DATASET EXCERPT section start
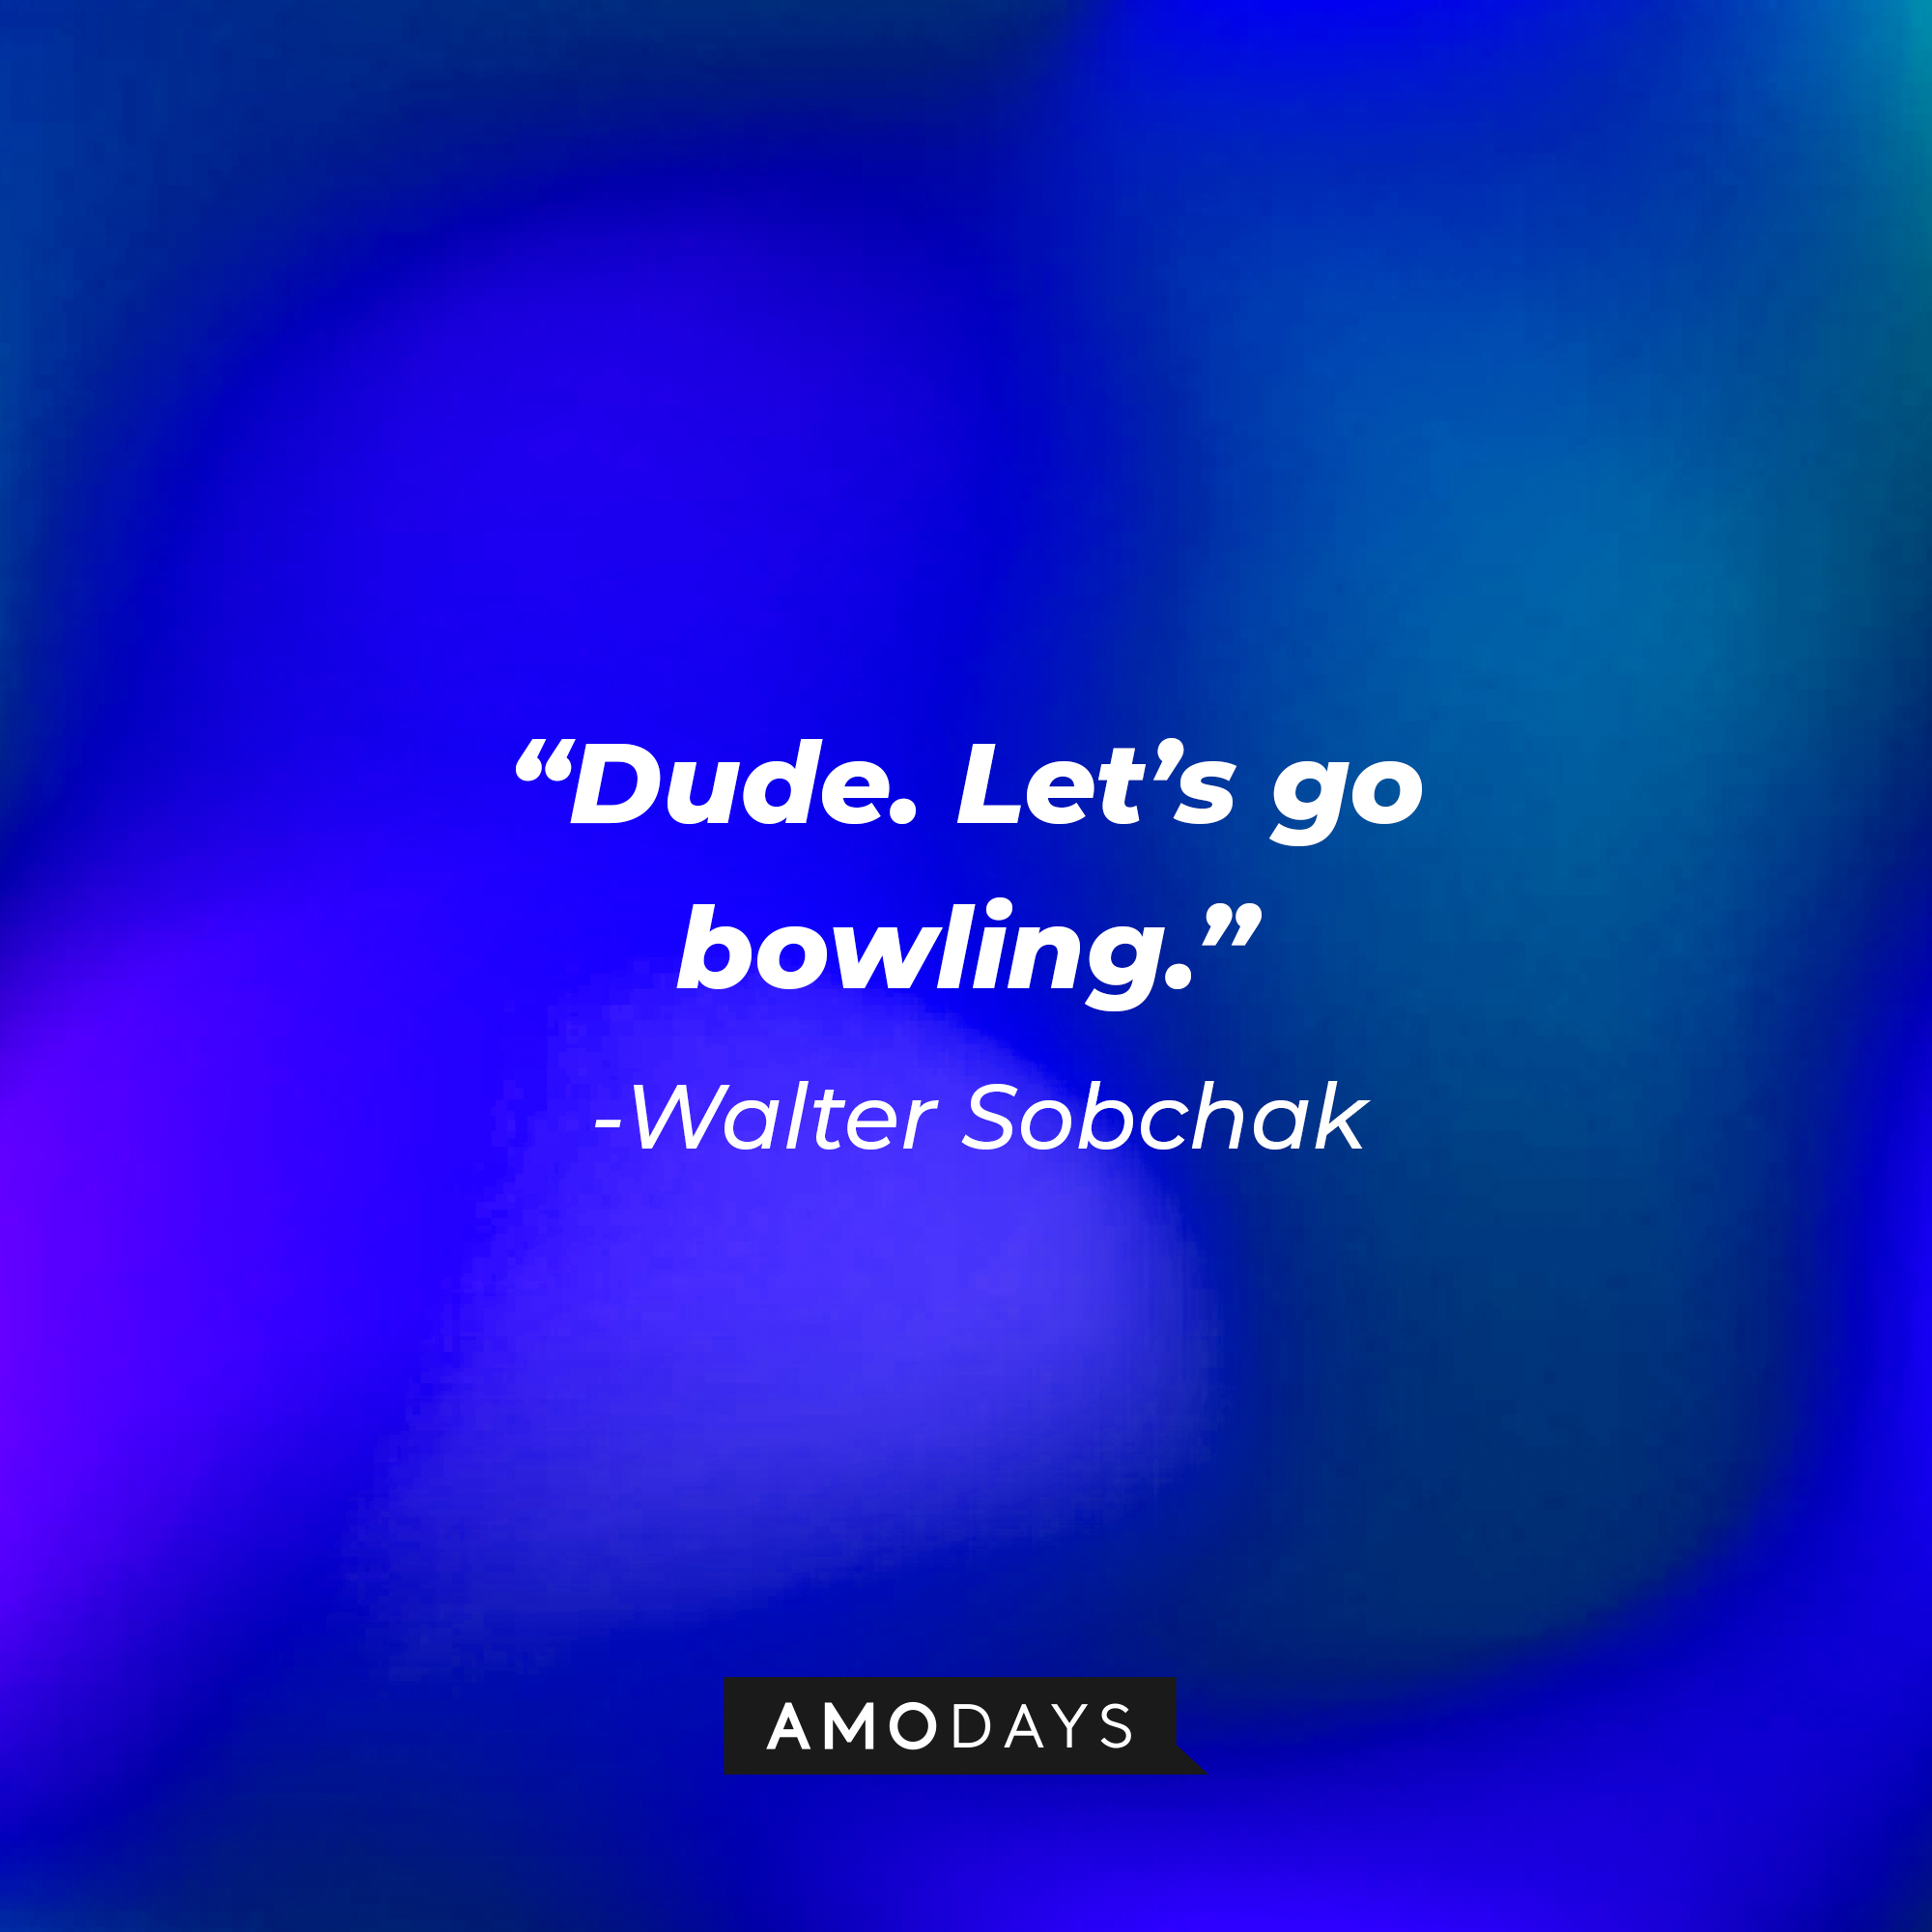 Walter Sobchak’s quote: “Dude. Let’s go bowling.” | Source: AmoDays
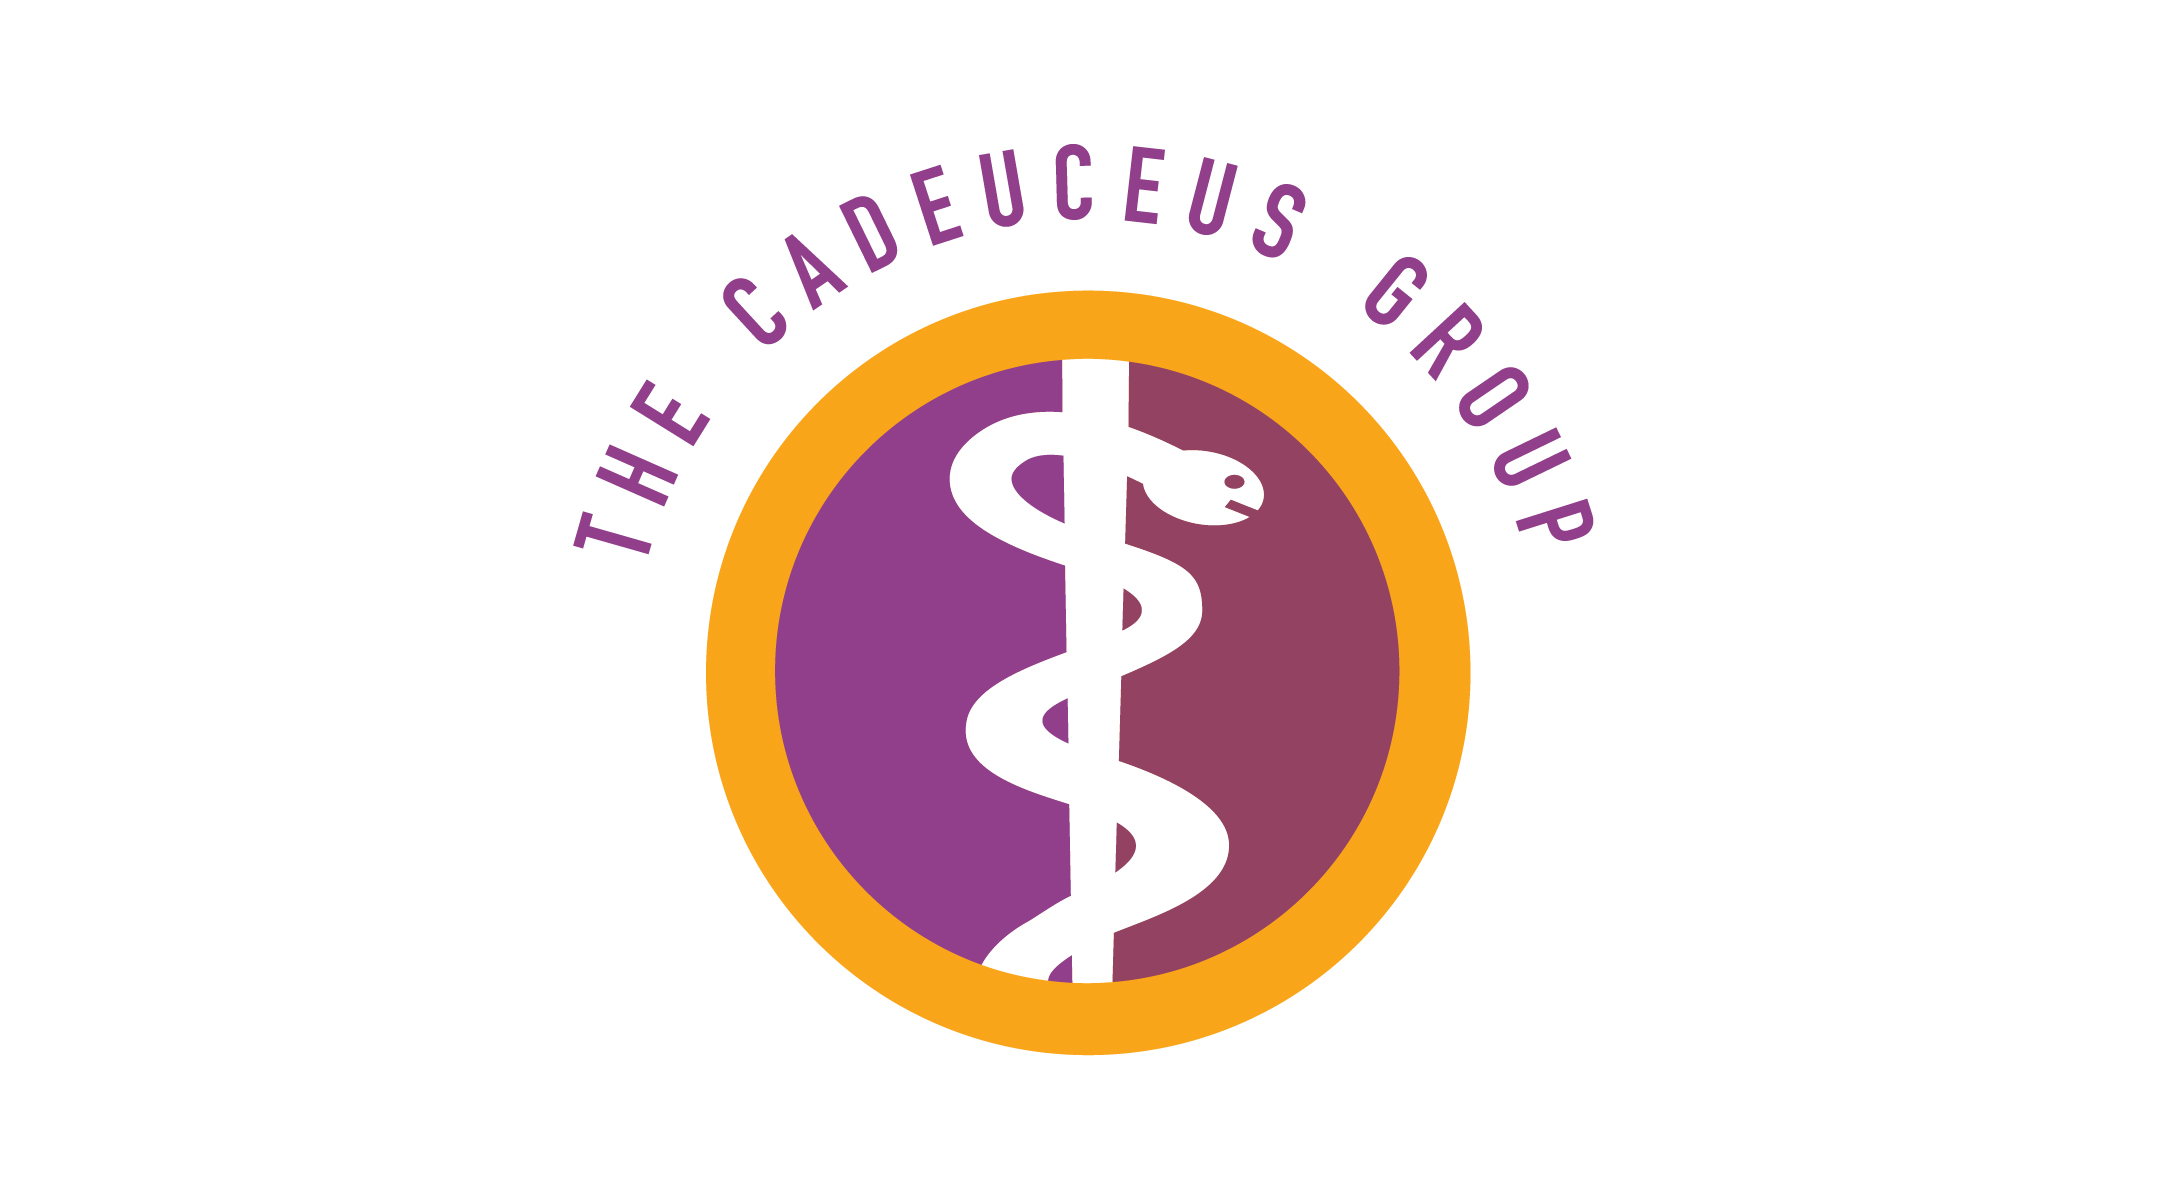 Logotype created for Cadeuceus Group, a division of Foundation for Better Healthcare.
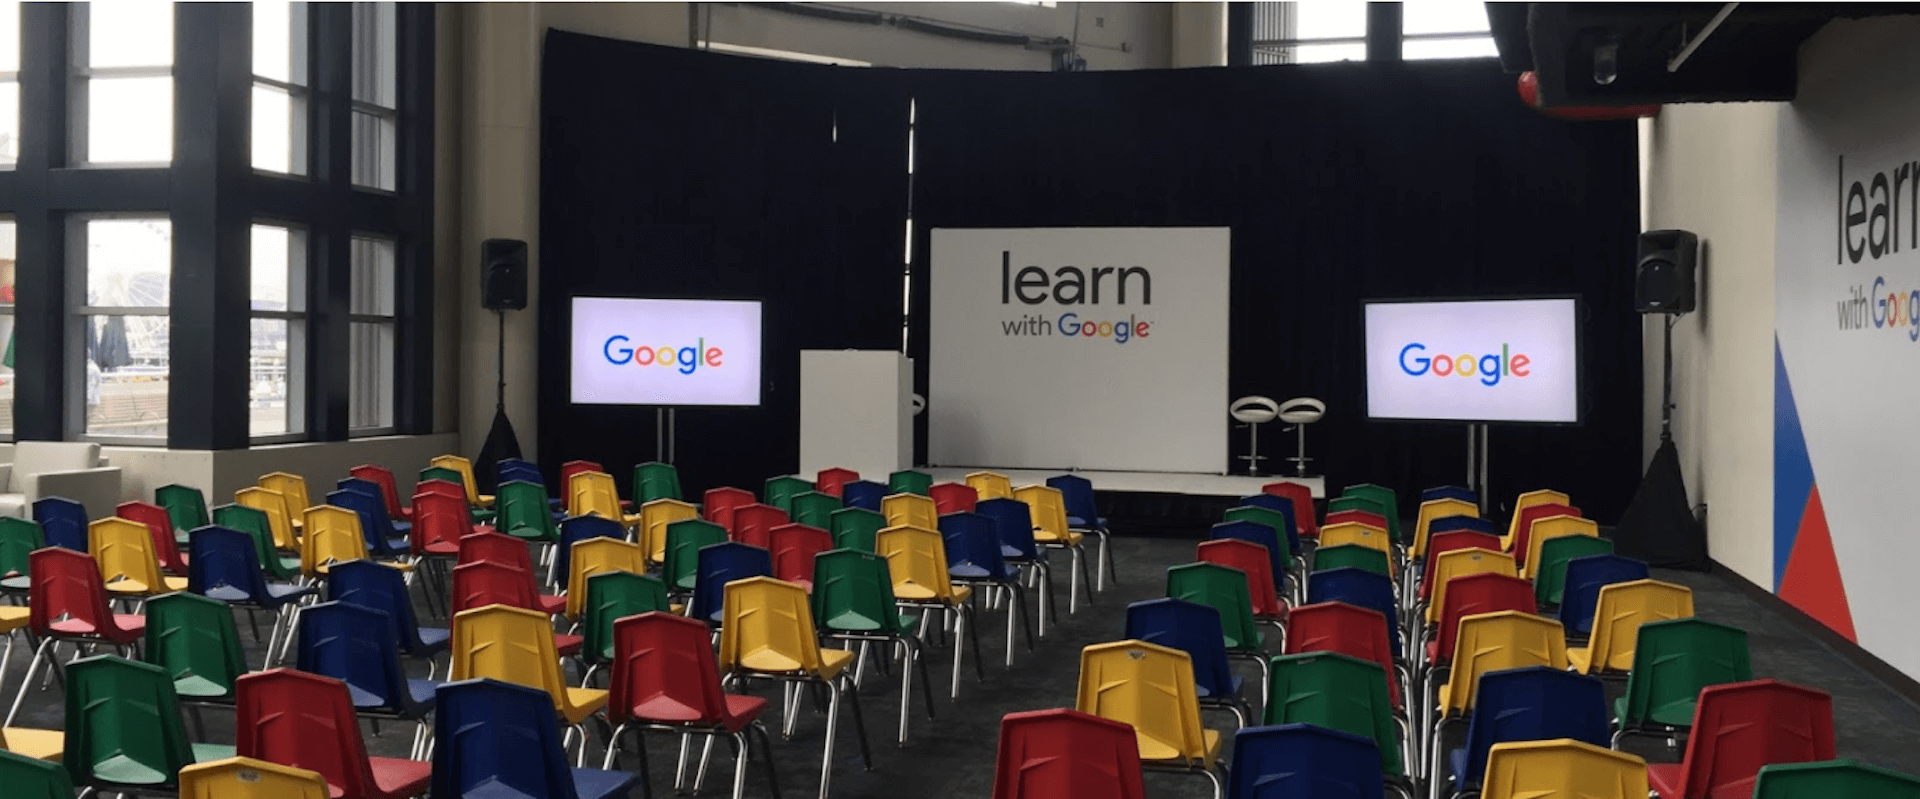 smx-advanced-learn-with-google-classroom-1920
DATASET EXCERPT section end
- _YOUR INSTRUCTIONS_: Pictures excluded, copy exactly the lines running from the one with "Logotype created for" through the last line of the material.

- _WRITTEN SOLUTION_:
 Logotype created for Cadeuceus Group, a division of Foundation for Better Healthcare.
 smx-advanced-learn-with-google-classroom-1920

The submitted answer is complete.